Your eyes have adjusted, now, to the dimmer artificial light here in the inside passenger cabin. Above your head approximately somewhere are Bob, the owner of the Diamond Ranch High School class ring, Joan, the captain of this boat, one of her two—that you’re aware of— crewmembers, four high school boys, and more seagulls and blinding white than you care to think about.

Someone on this boat is a murderer. It isn’t you—that much, and not much else, you’re sure of.

Before you is this woman and the boy on her lap who, apparently, told the captain that he’d seen you push the old woman overboard and into the Pacific. The woman is looking up at you angrily and the boy is likewise looking up at you. You open your mouth to speak.

What you do know is this: Marjorie Shorter was on the open-air deck with you when the majority of the boat’s passengers went down the two ladders to the V-shaped bow to look at porpoises skipping in the water alongside the prow of the boat. She spoke to you briefly as this boy and the woman (who you’ll just assume is his mother) left as well. You went down to the bow soon after and as far as you can remember there was no one else on the open-air deck aside from Mrs. Shorter when you left—but you weren’t paying much attention at the time. In the next few minutes her neck was broken and she was bobbing in the boat’s wake. At some point while she was up on the open-air deck, she or Bob or some third person dropped Bob’s ring, which you found.

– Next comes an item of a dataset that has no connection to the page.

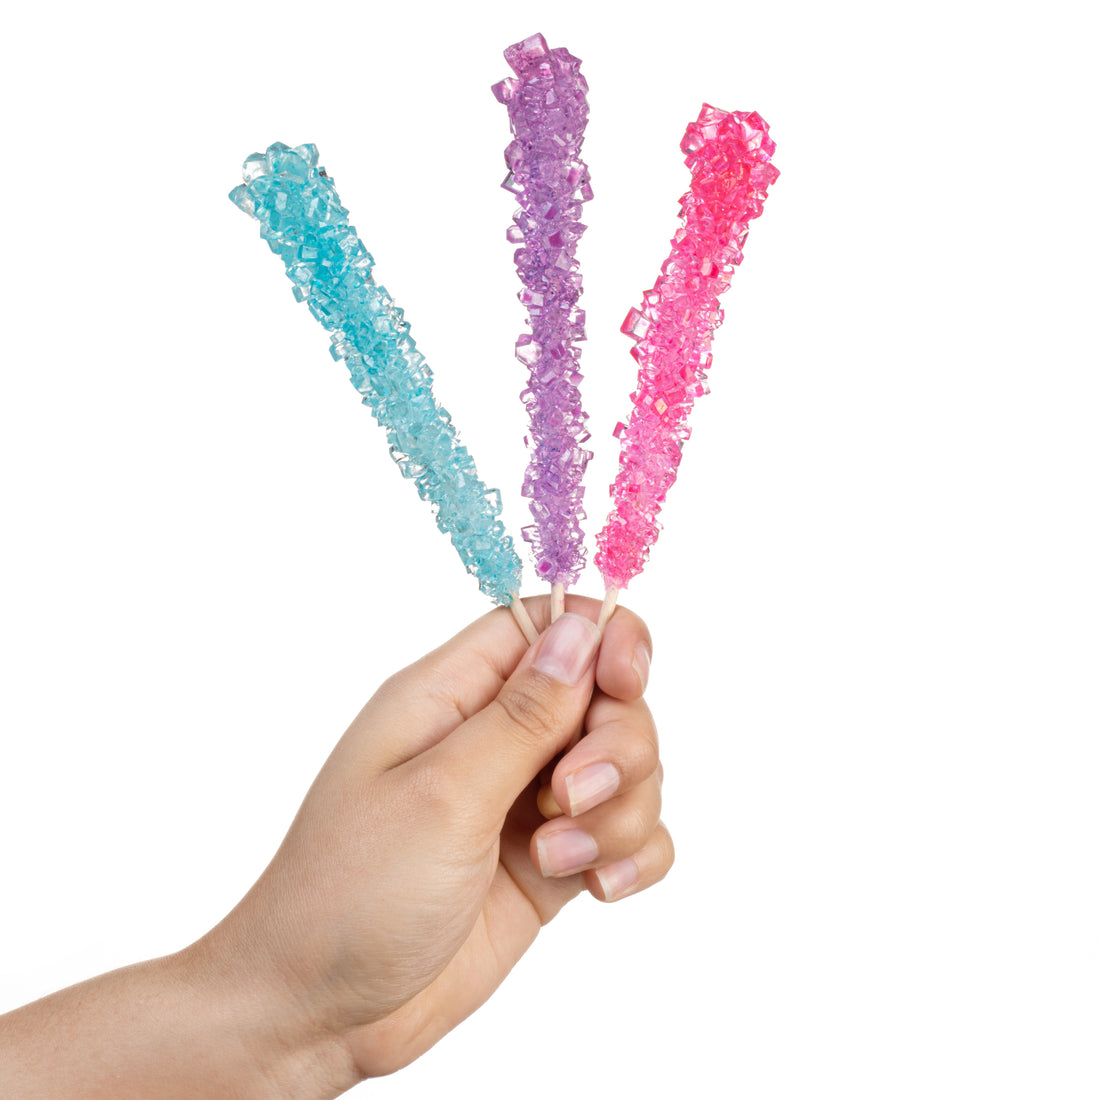 Mermaid Rock Candy Sugar Sticks

Your mouth is still open. You try to sound polite and official. You keep your voice low. ‘Your son seemed to be in some distress earlier,’ you say. You paste a fake half-smile on. ‘Understandably, of course! Another passenger suggested I may have inadvertently alarmed him somehow, and while I don't know if that's actually the case, I thought it would be best to make sure that the two of you are alright and see whether there's anything I can do to help you.’

She continues to stare at you. Her eyes are a deep brown.

You are beginning to wonder why you’re even trying to speak to her. The boy is doing something with his fingers that looks like each of his hands is climbing up the other vertically into the air in front of his face.

‘Ma’am?’ you say.

‘No you cannot help us,’ she says, finally. She speaks with some kind of faintly lyrical accent. ‘This boy is afraid of you. I ask you please not to make him more afraid.’

The boy looks fine, but you decide not to press the issue. You try again. ‘I’m very sorry that your son is frightened,’ you say. ‘I was just hoping that you or he could help me understand what happened earlier so that I can talk to the captain and get the boat underway again.’

She snorts a bit of laughter. ‘Help you understand,’ she says. ‘I saw you with the woman. I saw you talk to her, I saw you the last one with her. The boy saw you as well. You do not need our help to understand. We do not need your help either. And your friend the boat captain does not need our help either.’

‘I’m sorry,’ you say again. ‘I don’t really know the captain and I don’t think she likes me very much.’

‘Mommy the boat should go,’ the boy says on the woman’s lap. He turns his body toward hers and nestles slightly into her chest.

‘Shh,’ she says, her chin tucked down. Her eyes tilt up at you. ‘I do not know what that woman did to you or your boat captain.’

‘I want only to help,’ you say.

‘Ha,’ the woman says. ‘This is also what the boat captain said to the old woman. Your kind of help no one needs. Please leave us. Thank you.’

The sun flashes off the peak of some wave far off outside the tinted windows of the passenger cabin and you turn your head toward the ocean and there is nothing out there but water and even far away, hidden neatly beneath the gradual curve of the horizon, only more ocean, all the way down to Antarctica, the world unchanging and blank in a straight line. You look back at the woman and you do not think there is much else that you can say to her right now. You hold your notepad up again look at the bottom line that you’ve written— Boy – witness? and can’t decide what to do with it. You are still standing above this woman and her son and the absence of the high school class ring in your pocket feels weighty—when you had it, it felt like a solid clue, the sort of thing that would be the first of many, a tactile accumulation that would slowly and inexorably lead you to some kind of solution. Now there is nothing in your possession but a cheap ballpoint pen and a notepad with far too few scribbles on it.

Something occurs to you. ‘You saw the captain speak to the old woman?’ you say.

The woman seated in front of you closes her eyes lightly and rubs the boy’s back through the fabric of his blue teeshirt. ‘You know that they fought very loudly,’ she says. ‘Yet why do you ask me this?’

You write one more word on your notepad on the right-hand side: Captain. You click the cap back on your pen. ‘Thank you,’ you say to the woman. ‘And I’m sorry, again. If you need anything, look for me.’

Close behind you is the Earth sciences teacher, Rick Chavez. Across the cabin is the crewman with the clipboard, eying Gavin, the pest. You turn to go. Mrs. Shorter’s daughter and her boyfriend are standing and heading out the door to the bow. His arm is around her side, and her arms are folded tightly. You clip your ballpoint pen to your notepad and take a breath.